EXERCISE GOAL: Everything in the listing below should be written out again exactly, except the pictures.

DATA EXCERPT:
+---+
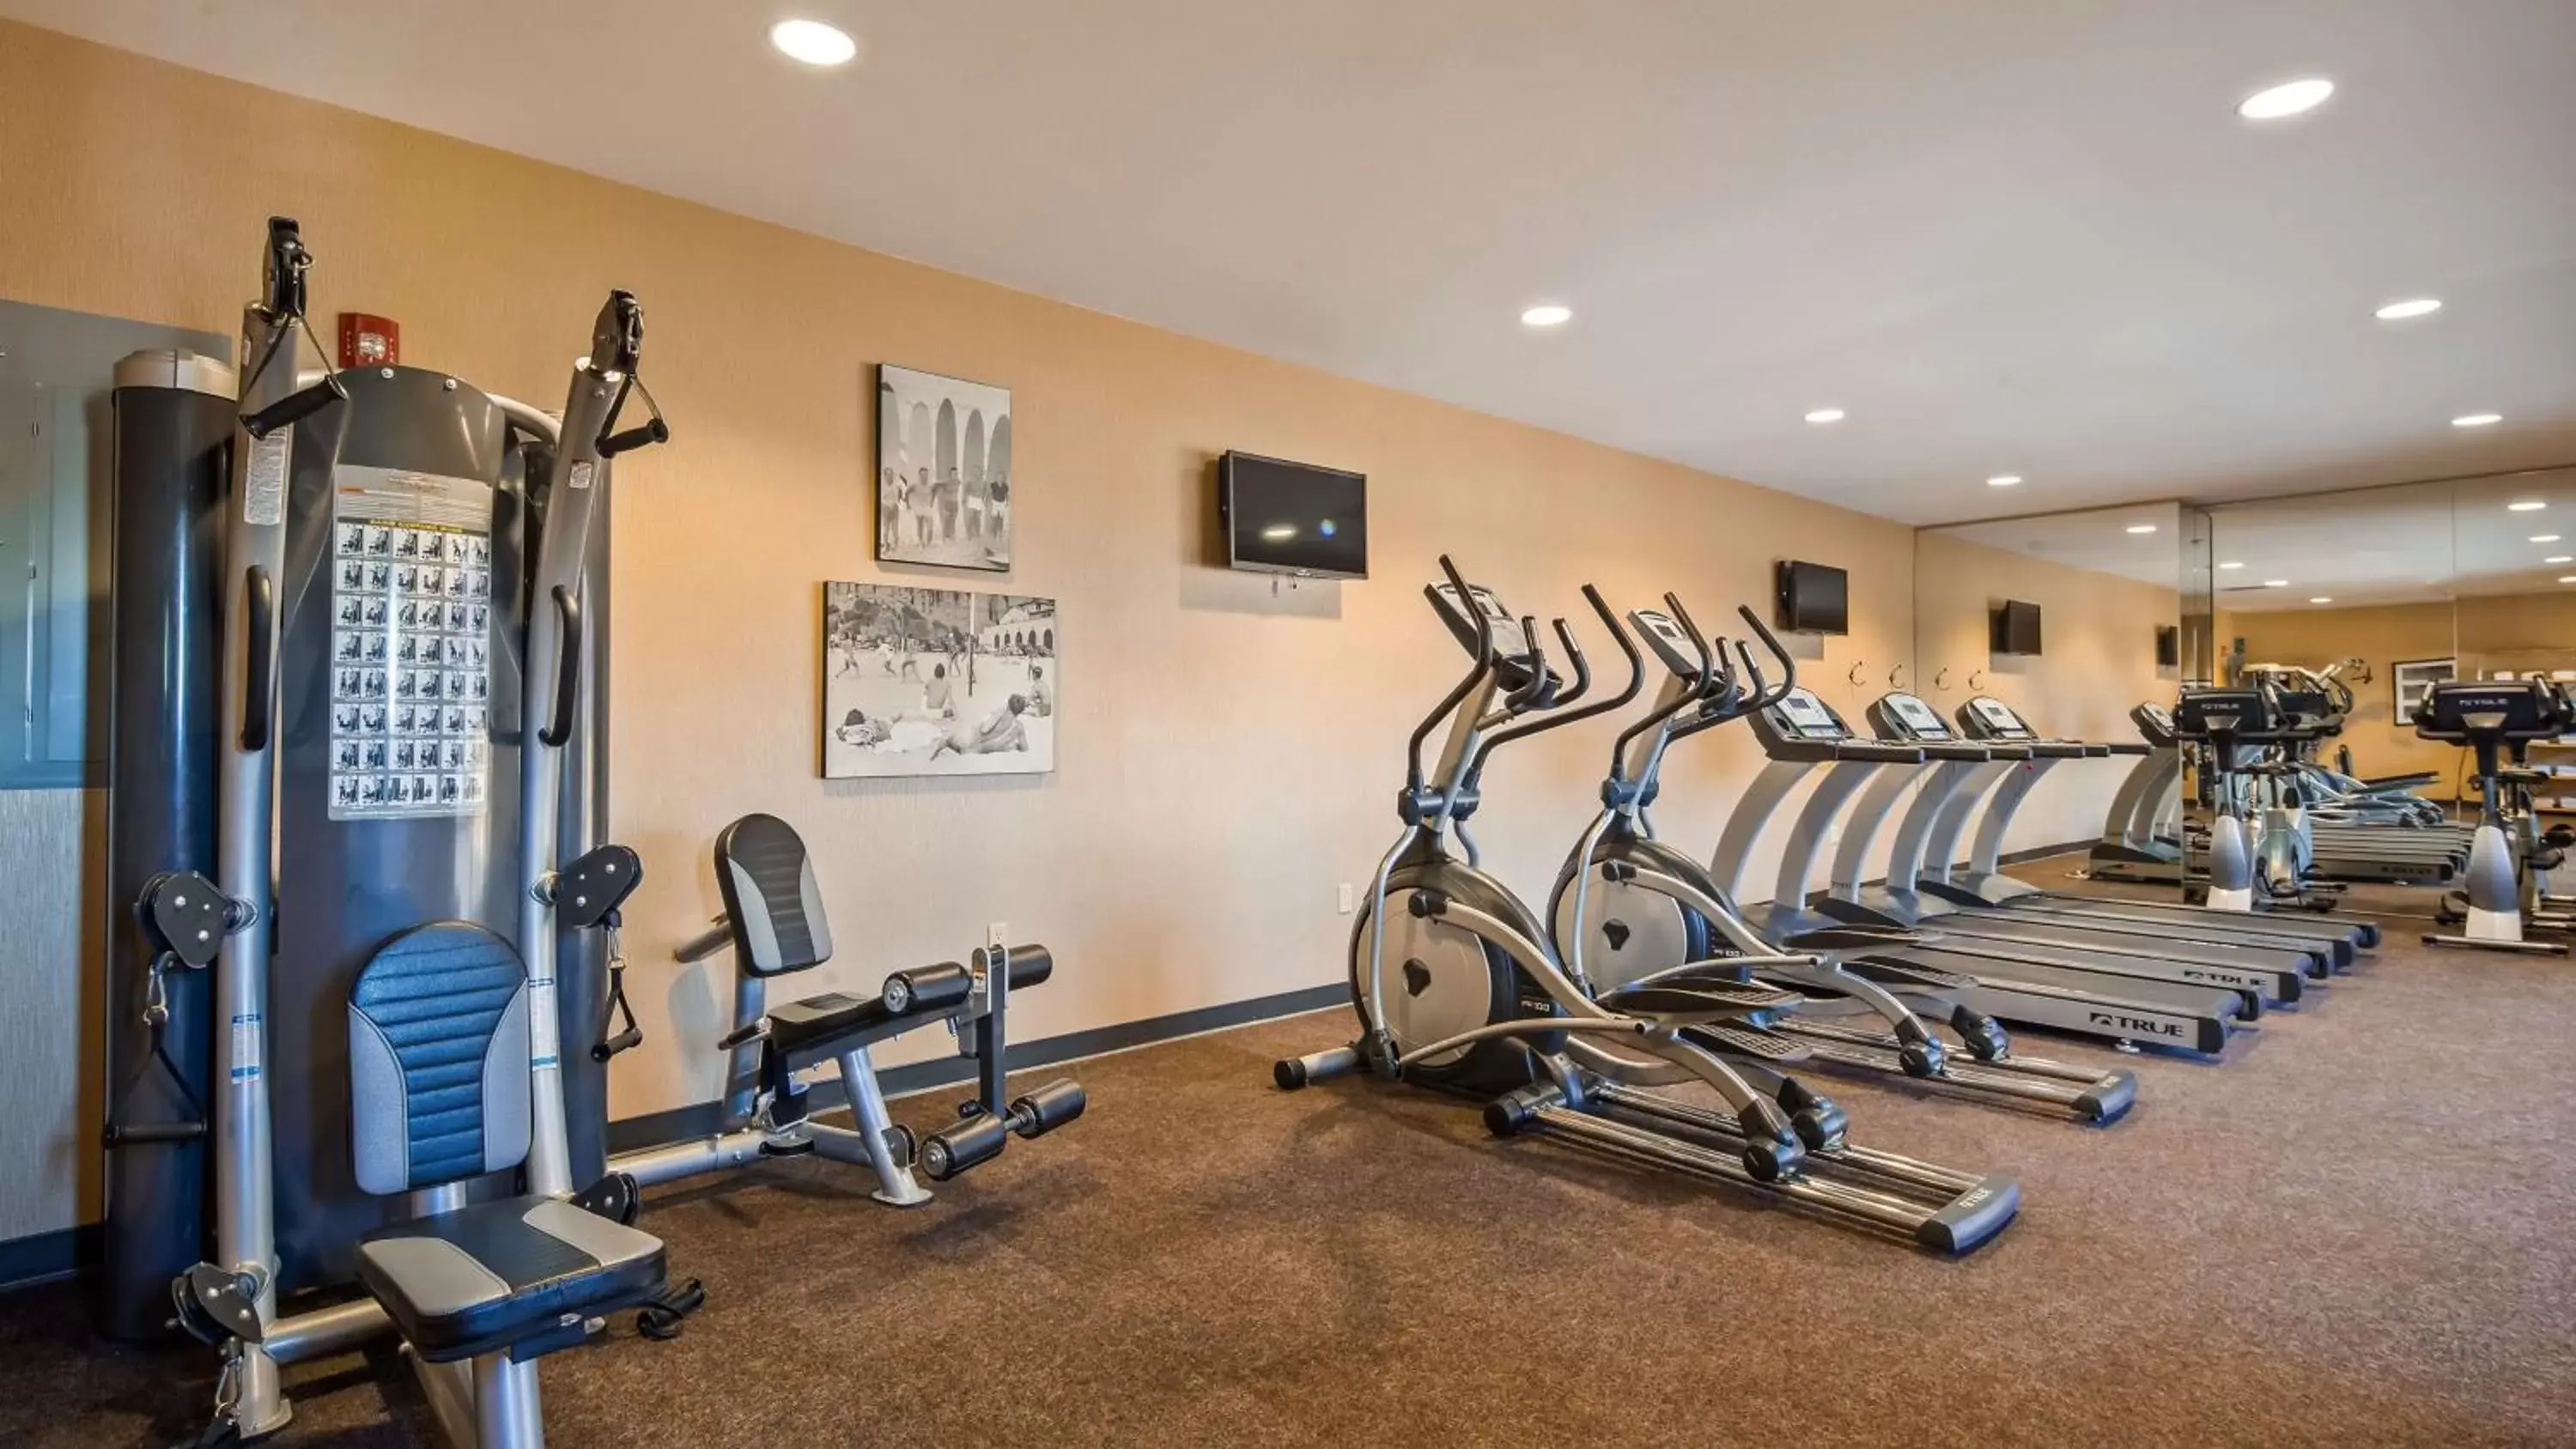 Fitness centre/facilities, Fitness Center/Facilities in Best Western Plus Anaheim Inn
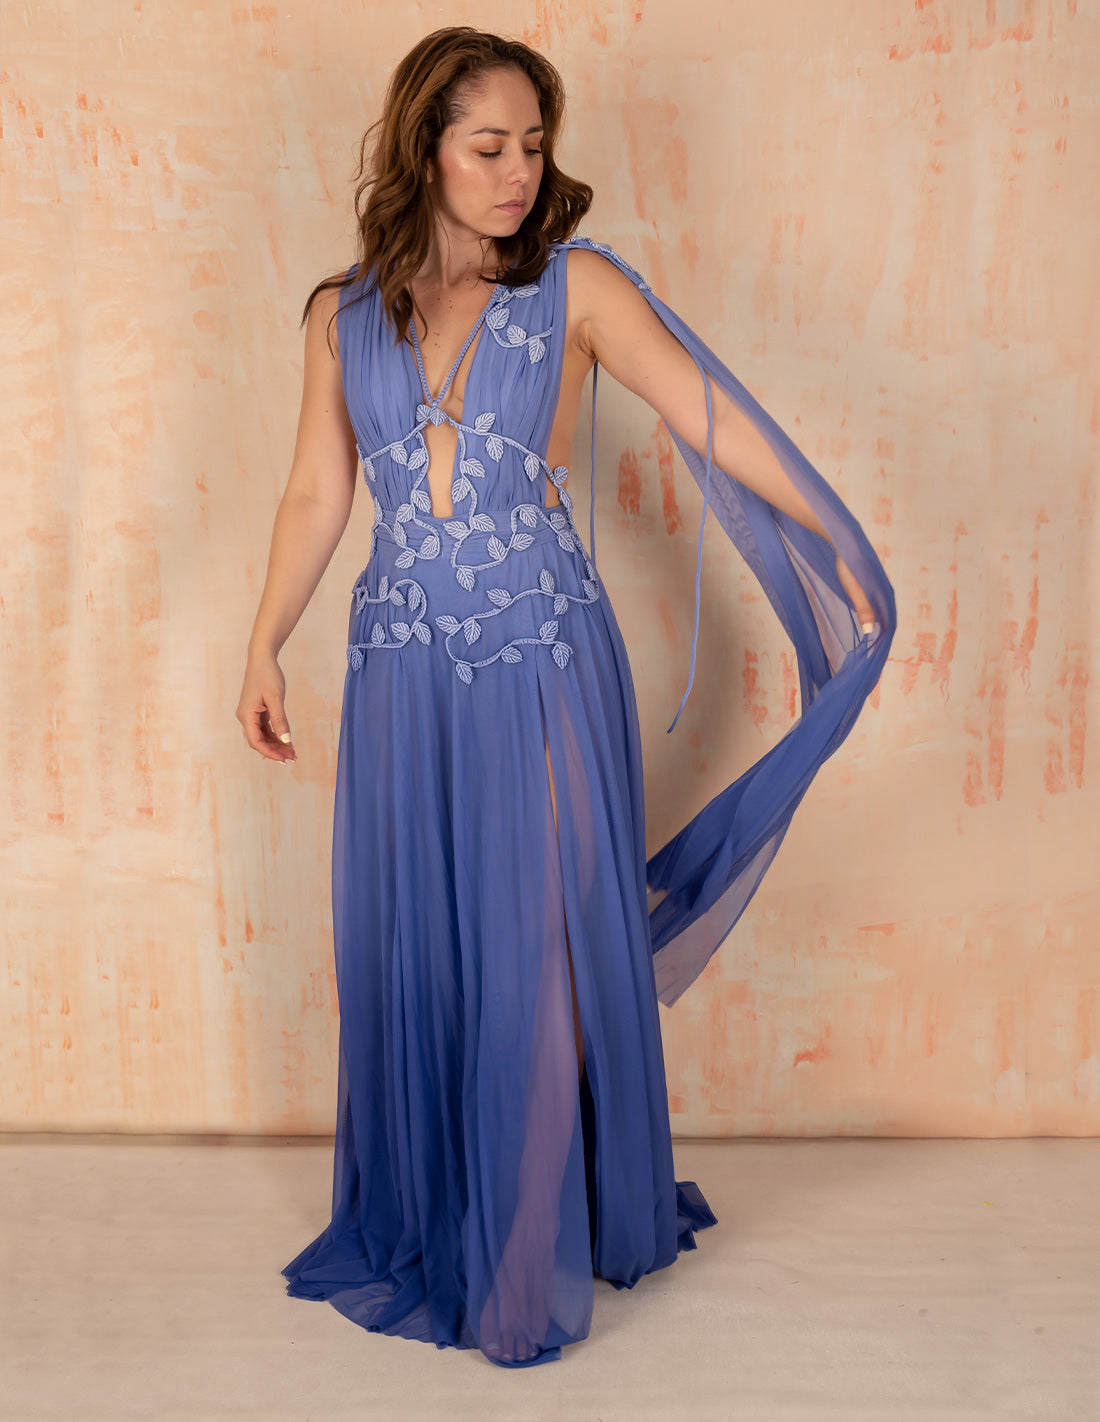 Copernico Dress Sky Blue. Hand-Dyed Dress With Hand Woven Macramé In Sky Blue. Entreaguas
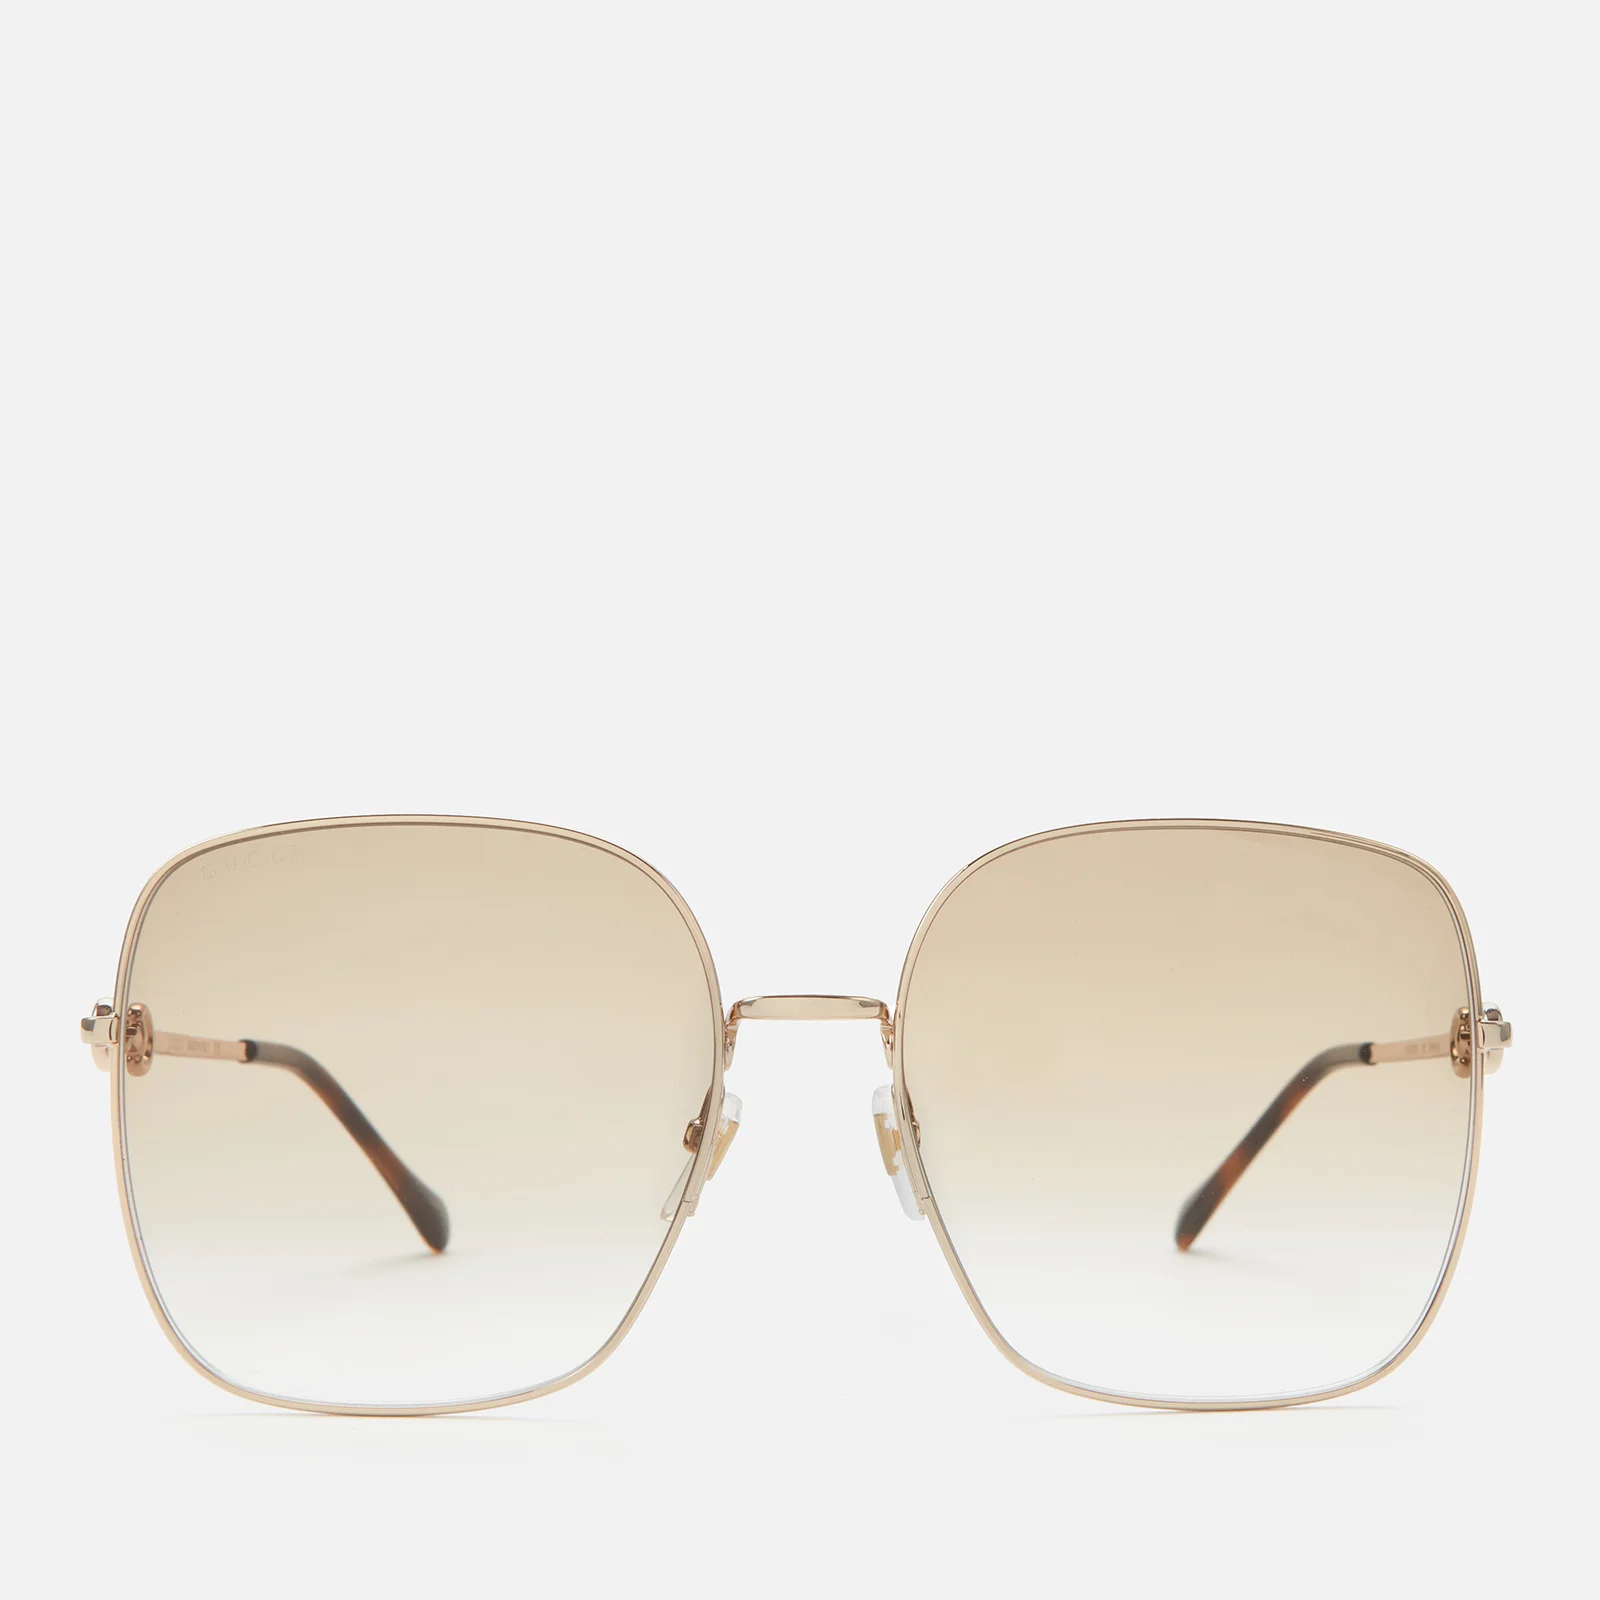 Gucci Women's Horsebit Metal Frame Sunglasses - Gold/Gold/Brown Image 1
+---+
ANSWER SPACE:
 Fitness centre/facilities, Fitness Center/Facilities in Best Western Plus Anaheim Inn
 Copernico Dress Sky Blue. Hand-Dyed Dress With Hand Woven Macramé In Sky Blue. Entreaguas
 Gucci Women's Horsebit Metal Frame Sunglasses - Gold/Gold/Brown Image 1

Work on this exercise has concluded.